Please transcribe the listing below in full, exactly as written, leaving out its pictures.

### SUPPLIED DATA ###

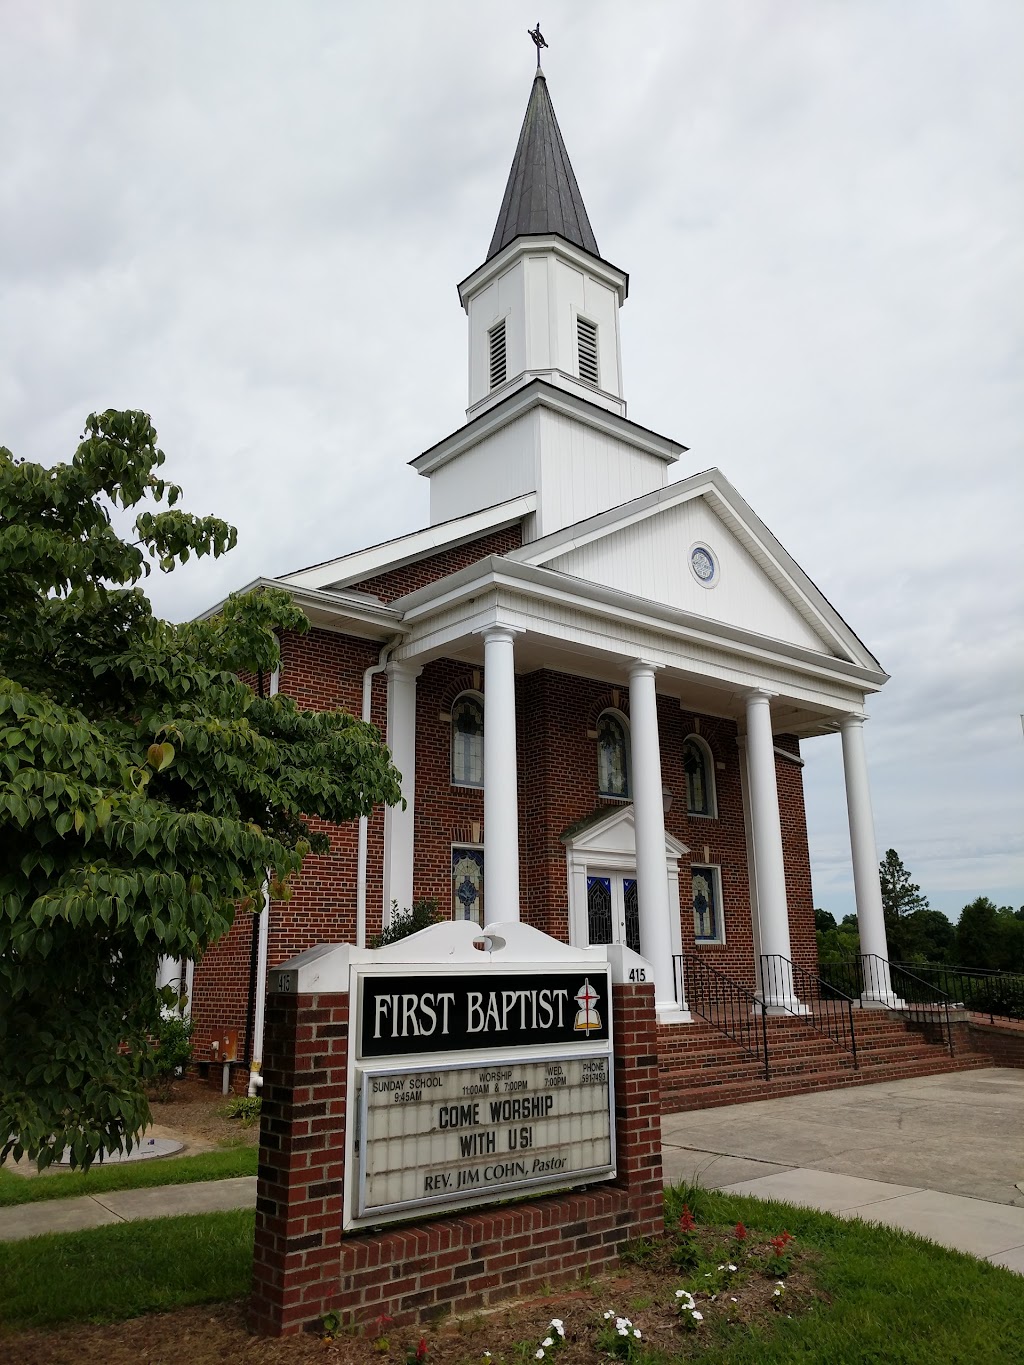 First Baptist Church | 415 Summit St, Walnut Cove, NC 27052 | Phone: (336) 591-7493
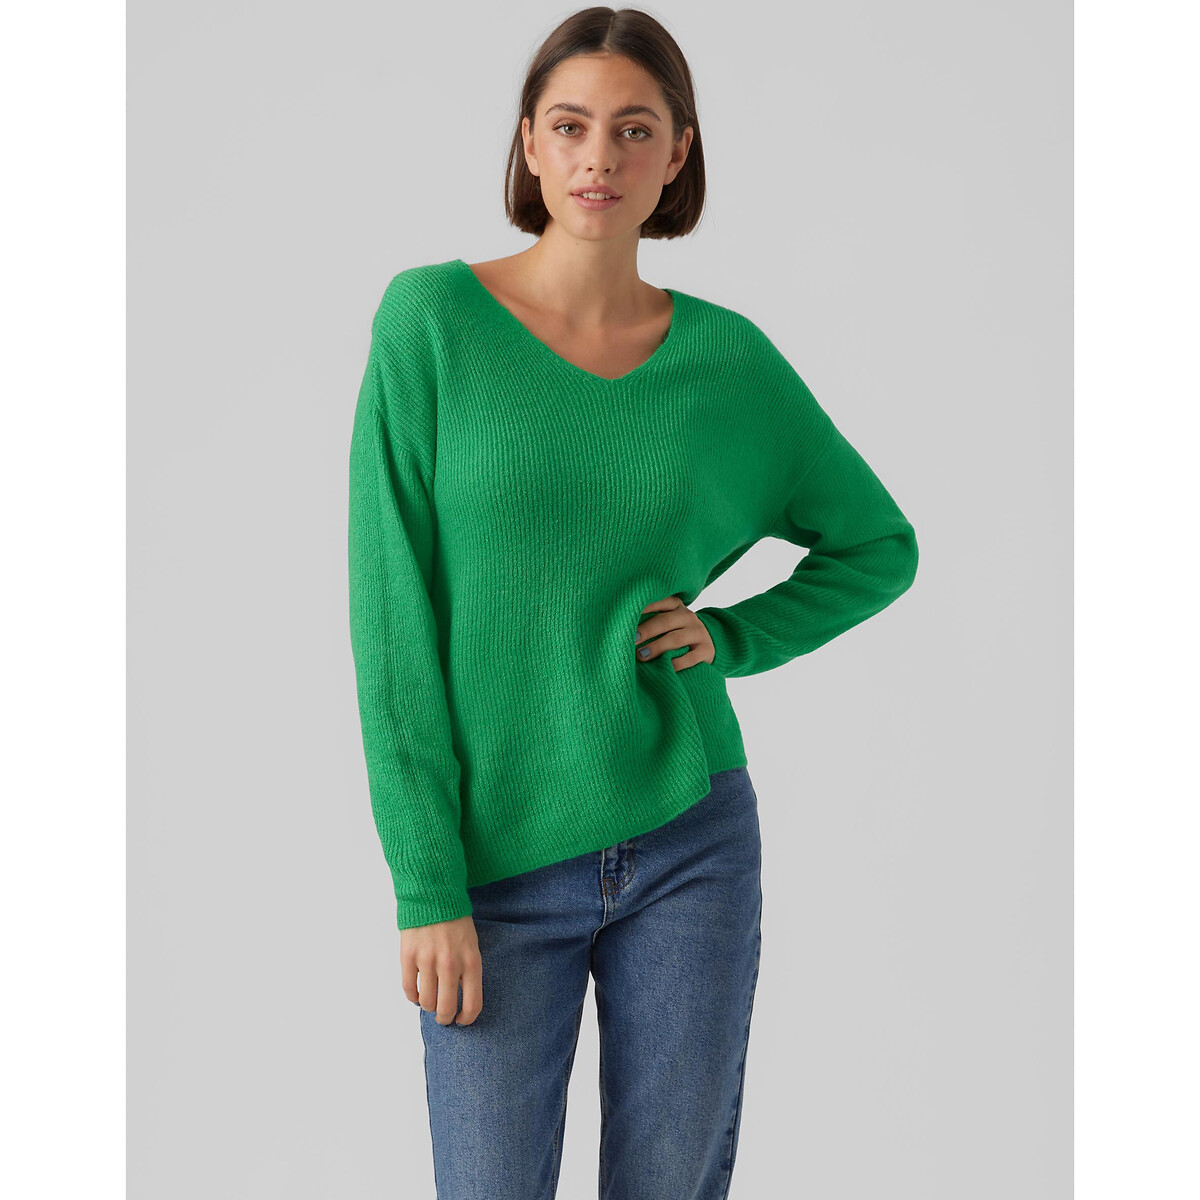 Пуловер Из пышного трикотажа V-образный вырез L зеленый LaRedoute, размер L - фото 2
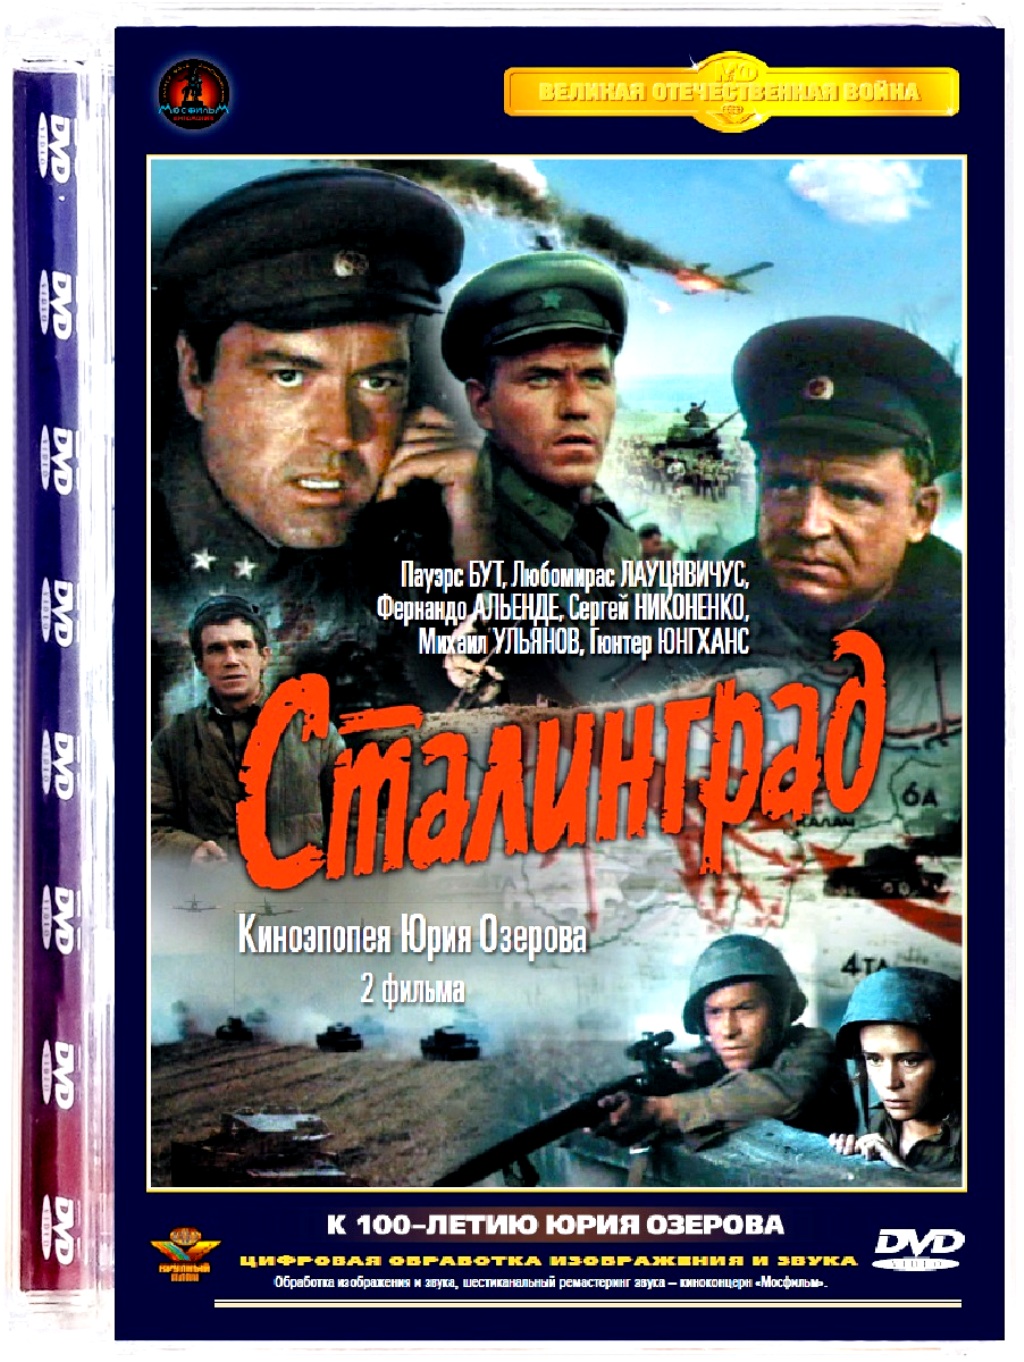 Сталинград DVD)
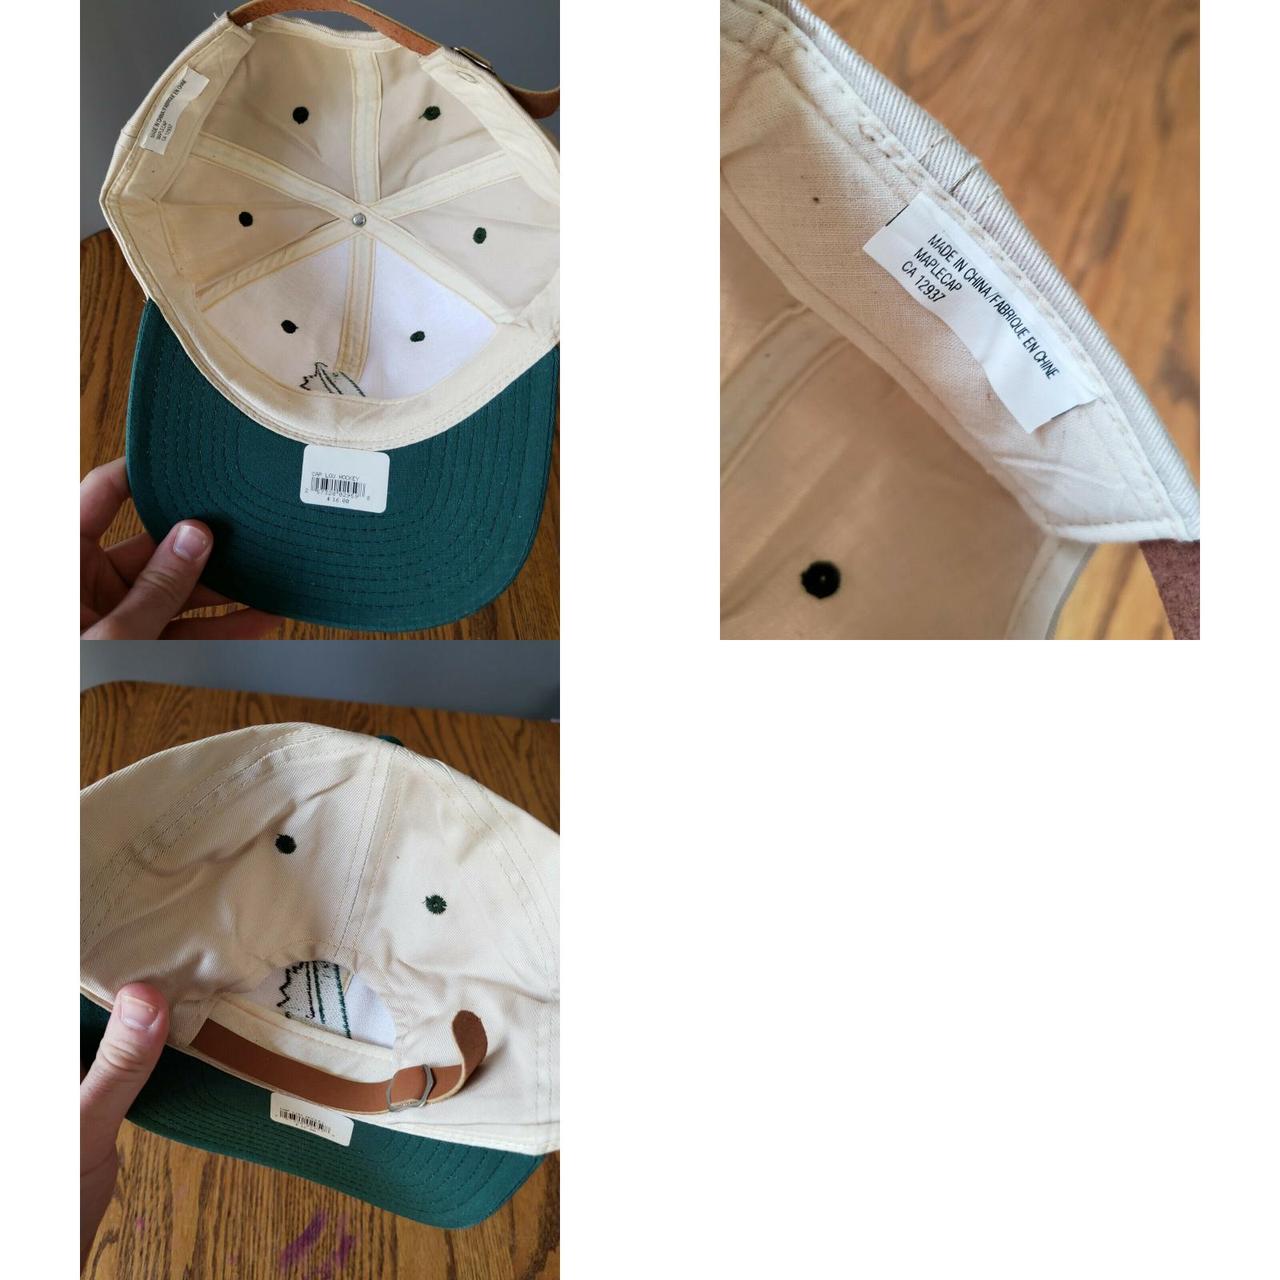 Men Hat by   Louisville slugger, Slugger, Sports caps

###

> [WORKED SOLUTION]
 First Baptist Church | 415 Summit St, Walnut Cove, NC 27052 | Phone: (336) 591-7493
 Пуловер Из пышного трикотажа V-образный вырез L зеленый LaRedoute, размер L - фото 2
 Сталинград DVD)
 Men Hat by   Louisville slugger, Slugger, Sports caps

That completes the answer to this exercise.